**GIVEN INFORMATION:**
____

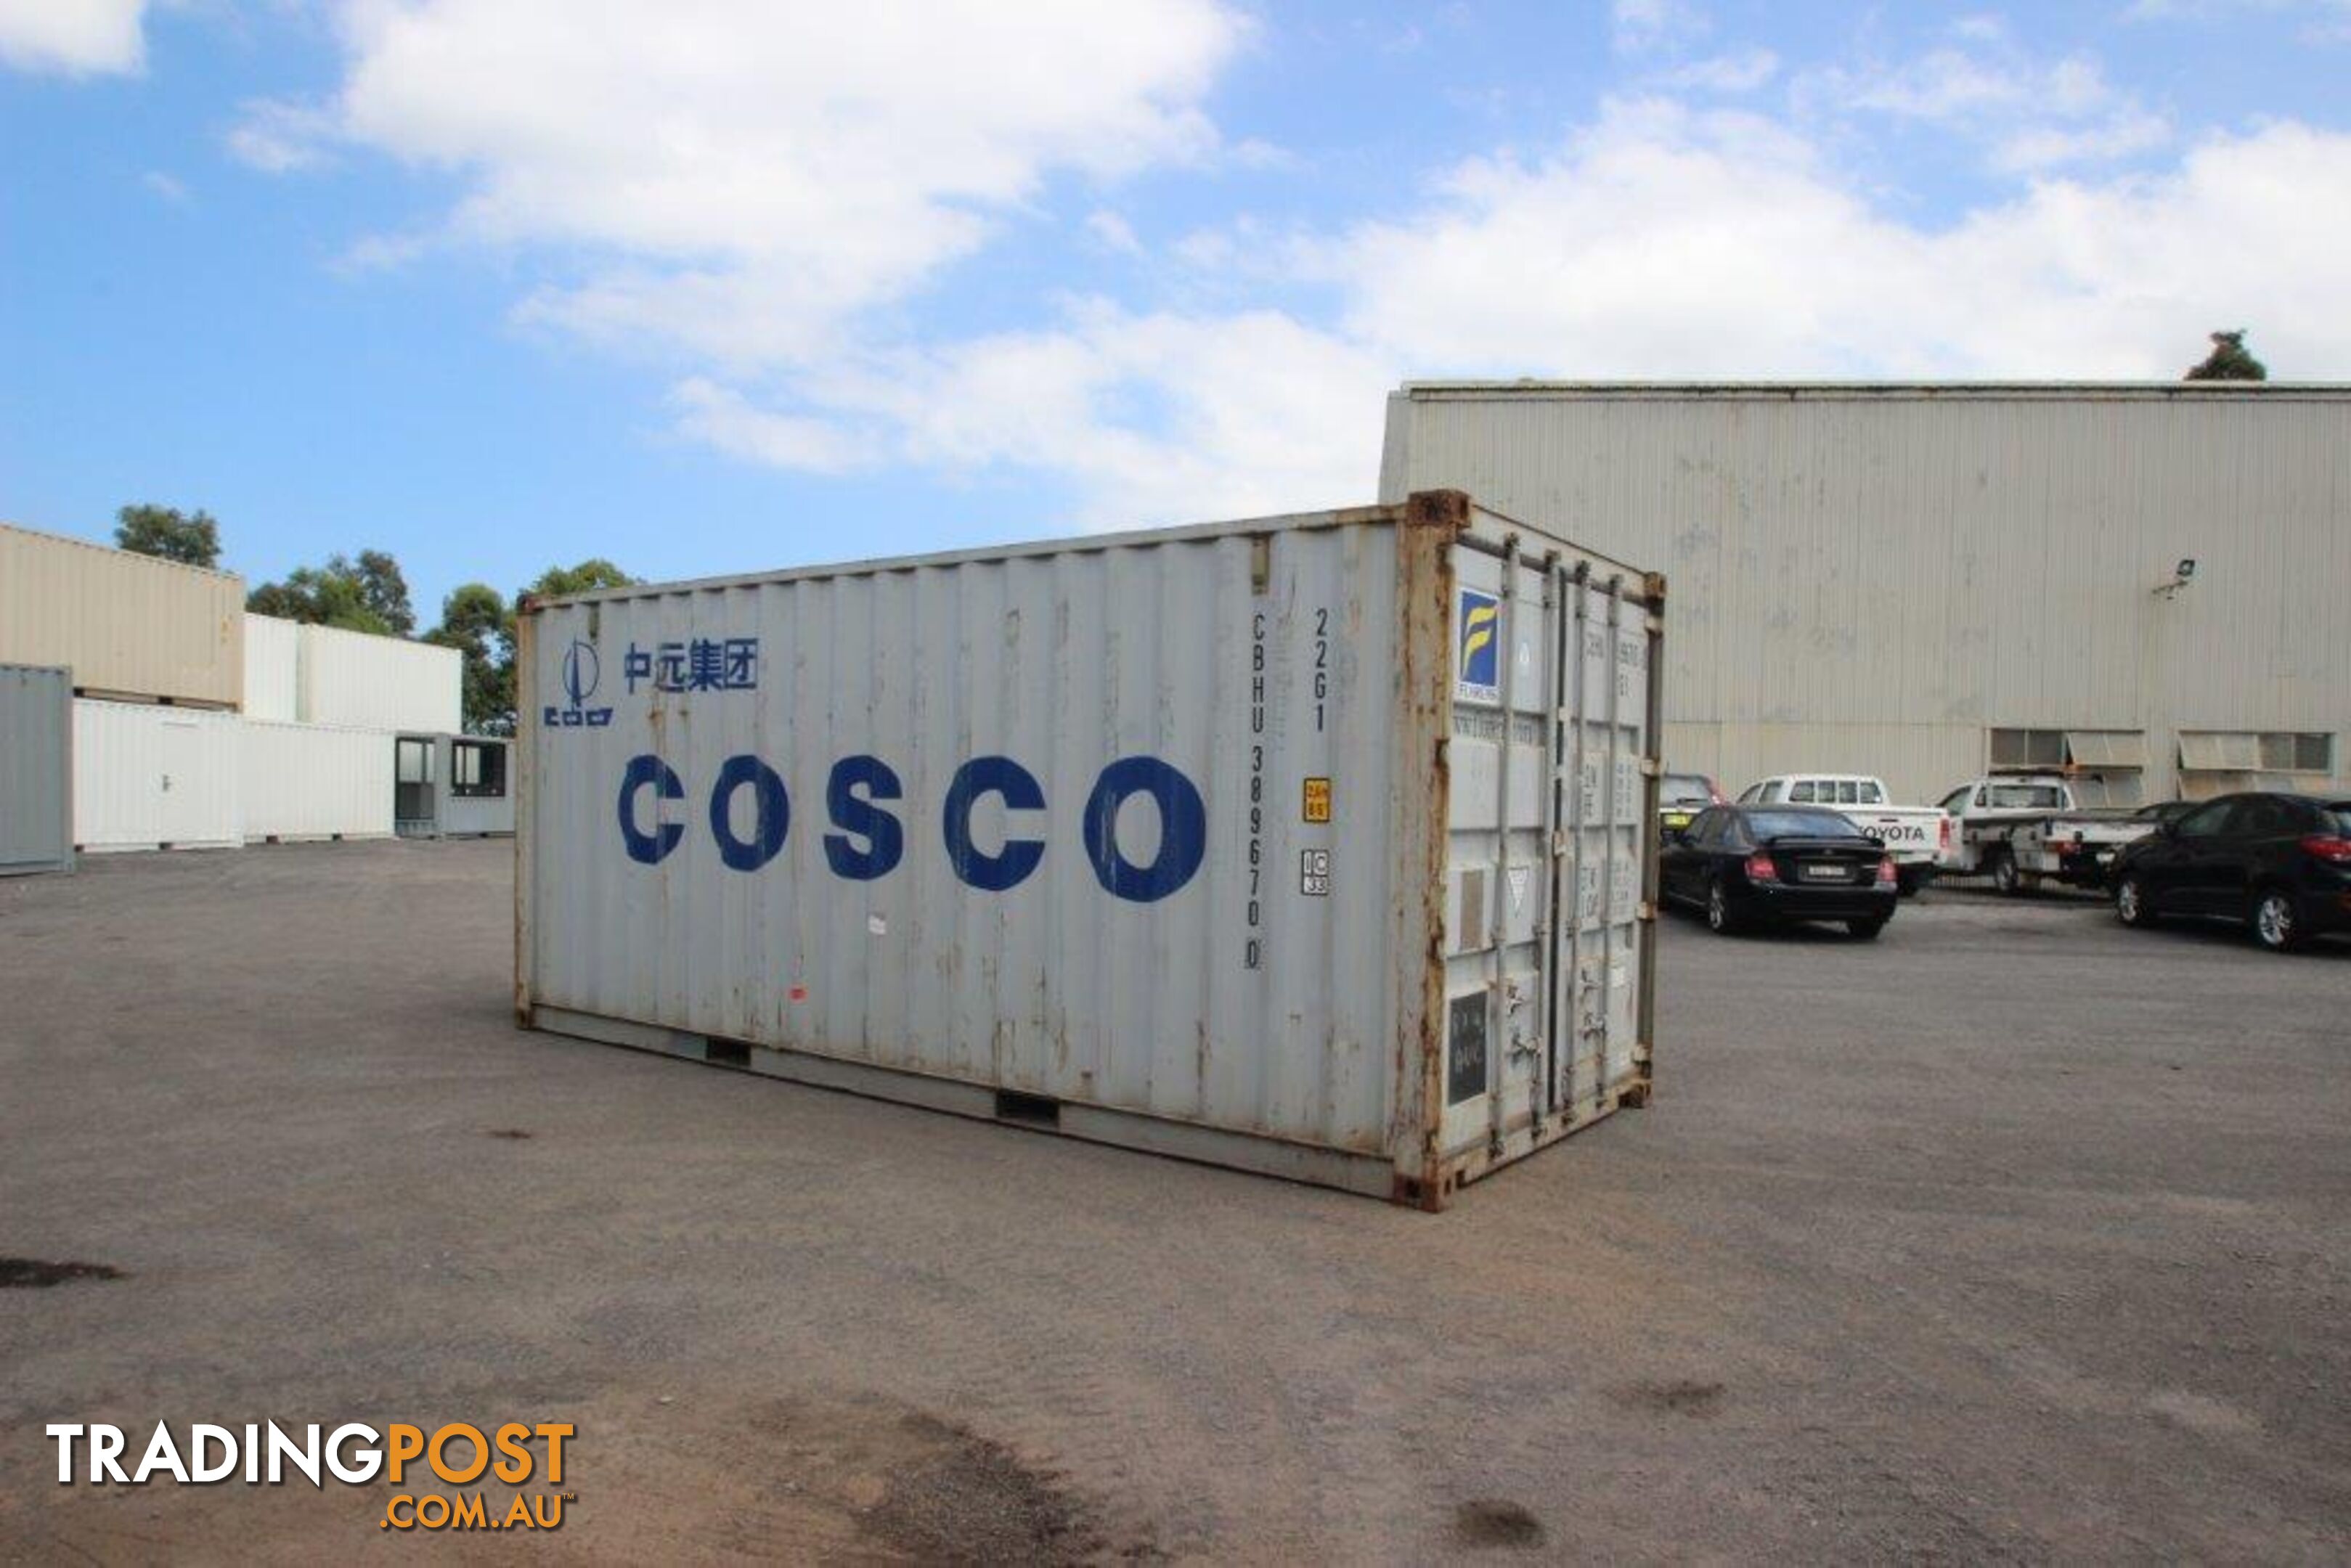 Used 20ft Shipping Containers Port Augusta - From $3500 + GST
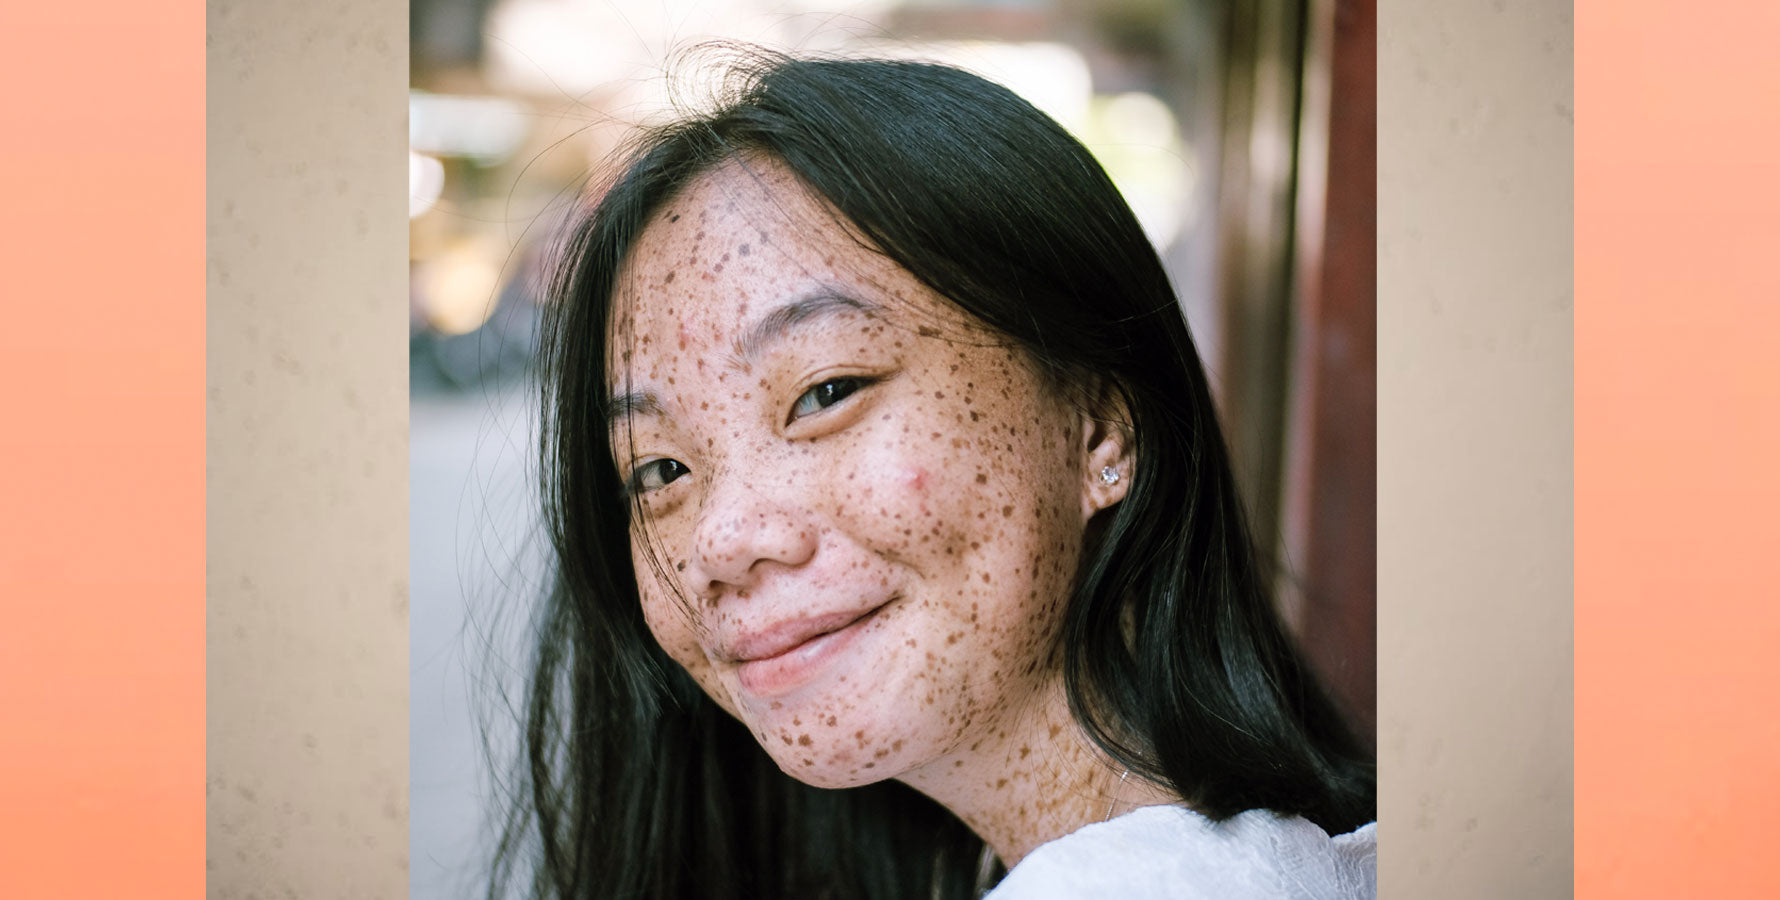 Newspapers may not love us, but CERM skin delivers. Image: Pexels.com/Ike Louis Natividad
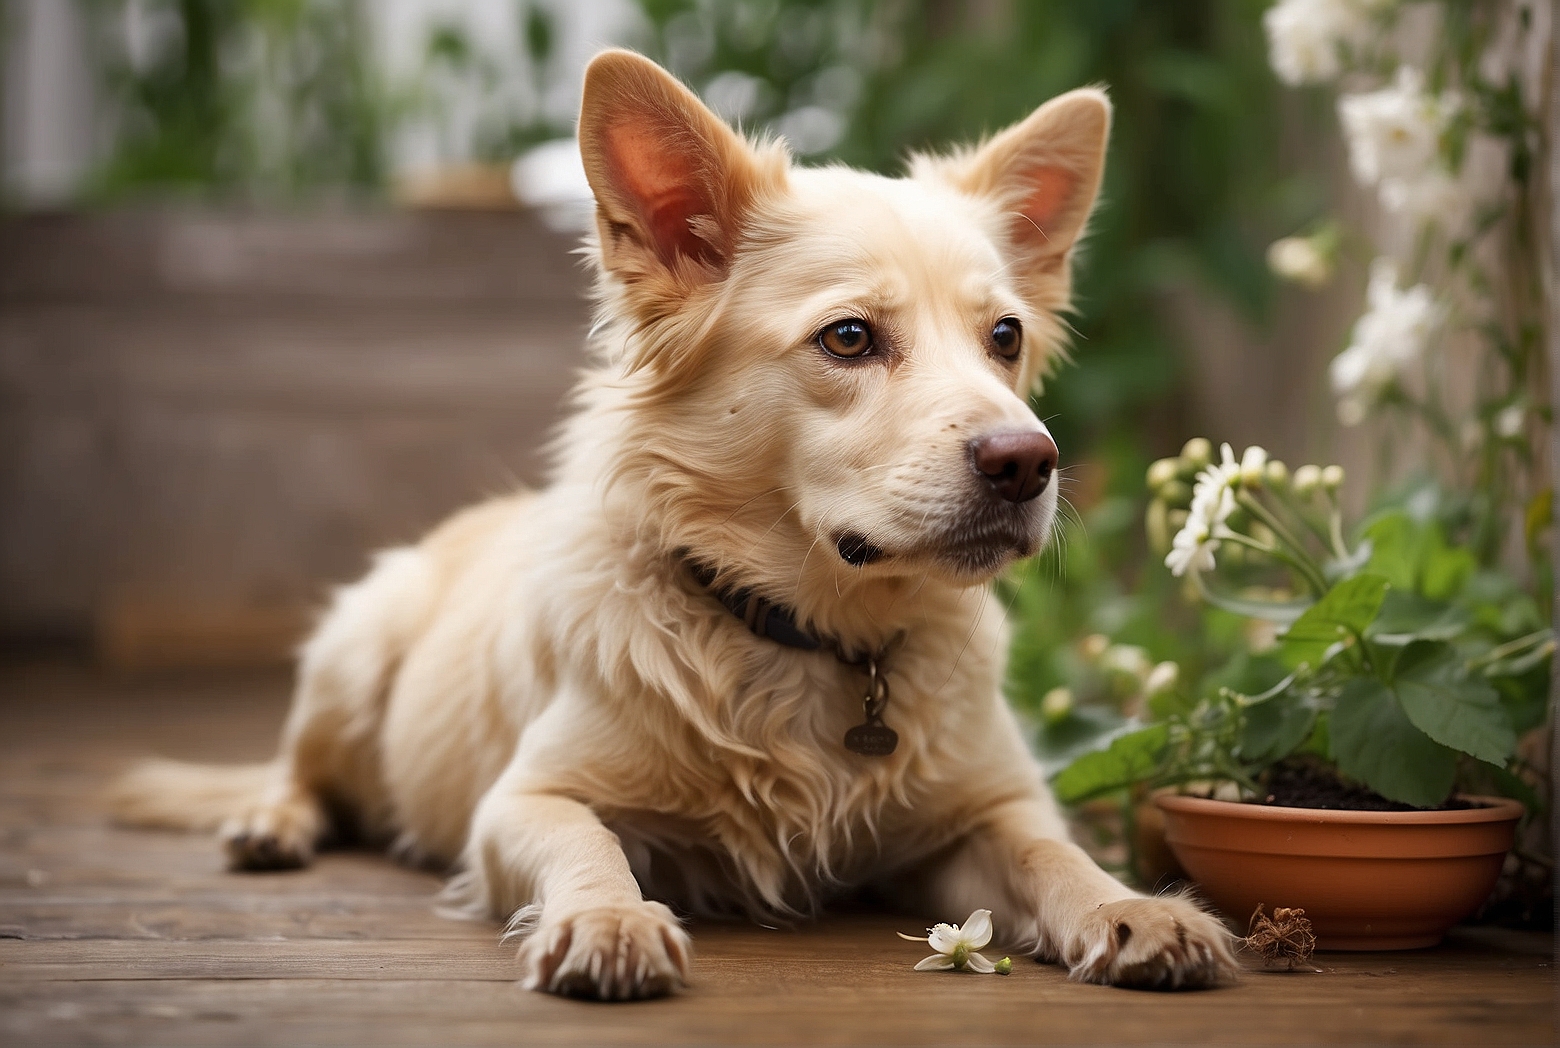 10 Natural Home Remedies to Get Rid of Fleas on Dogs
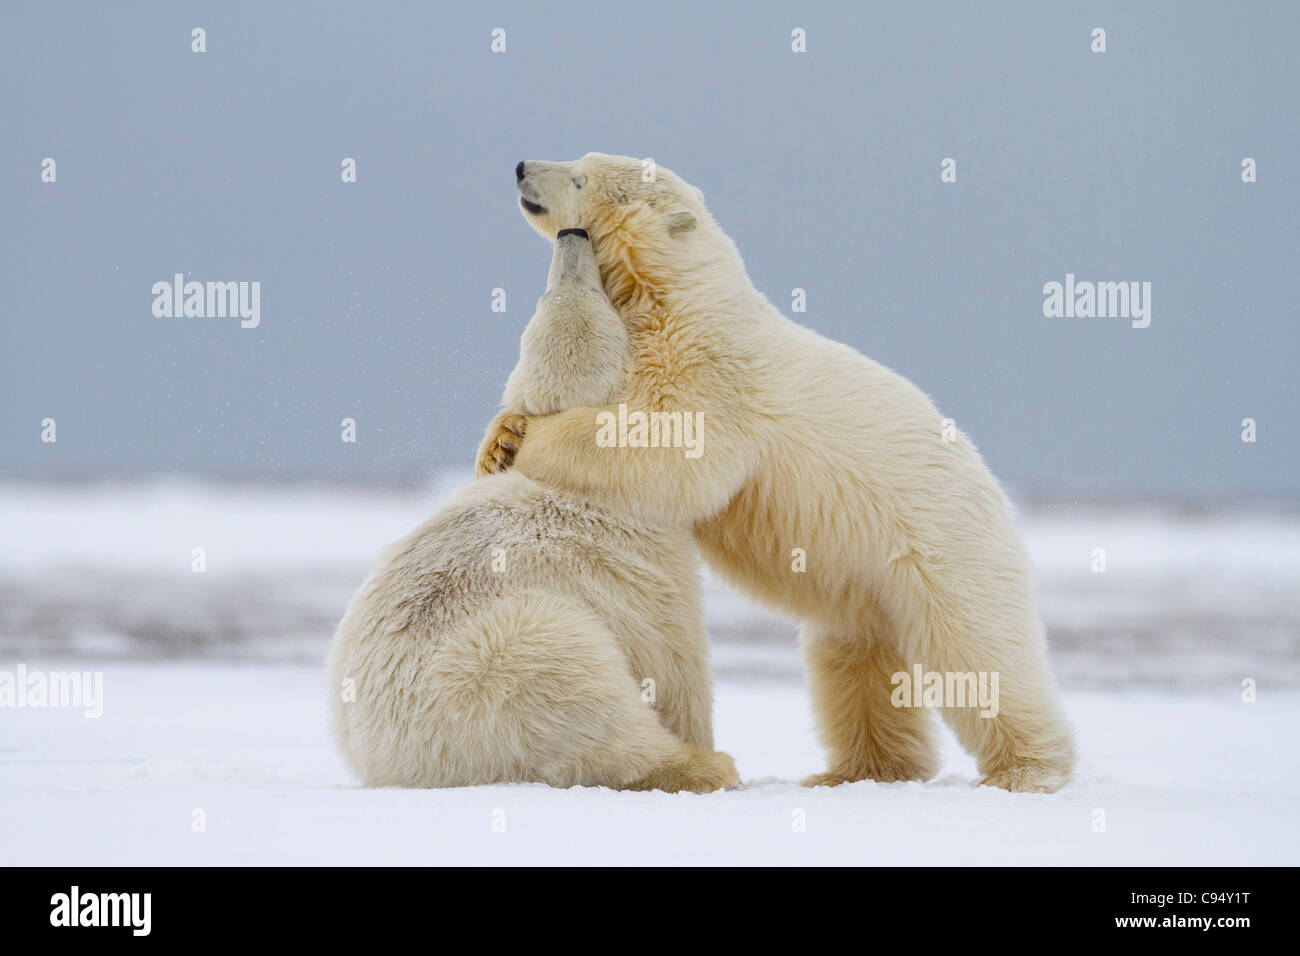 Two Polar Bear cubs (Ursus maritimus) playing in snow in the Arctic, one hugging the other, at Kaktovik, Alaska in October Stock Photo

____

**WHAT YOU ARE ASKED TO DO:**
Could every line above be set down exactly, with the pictures omitted?

**EXERCISE RESULT:**
 Used 20ft Shipping Containers Port Augusta - From $3500 + GST
 Newspapers may not love us, but CERM skin delivers. Image: Pexels.com/Ike Louis Natividad
 10 Natural Home Remedies to Get Rid of Fleas on Dogs
 Two Polar Bear cubs (Ursus maritimus) playing in snow in the Arctic, one hugging the other, at Kaktovik, Alaska in October Stock Photo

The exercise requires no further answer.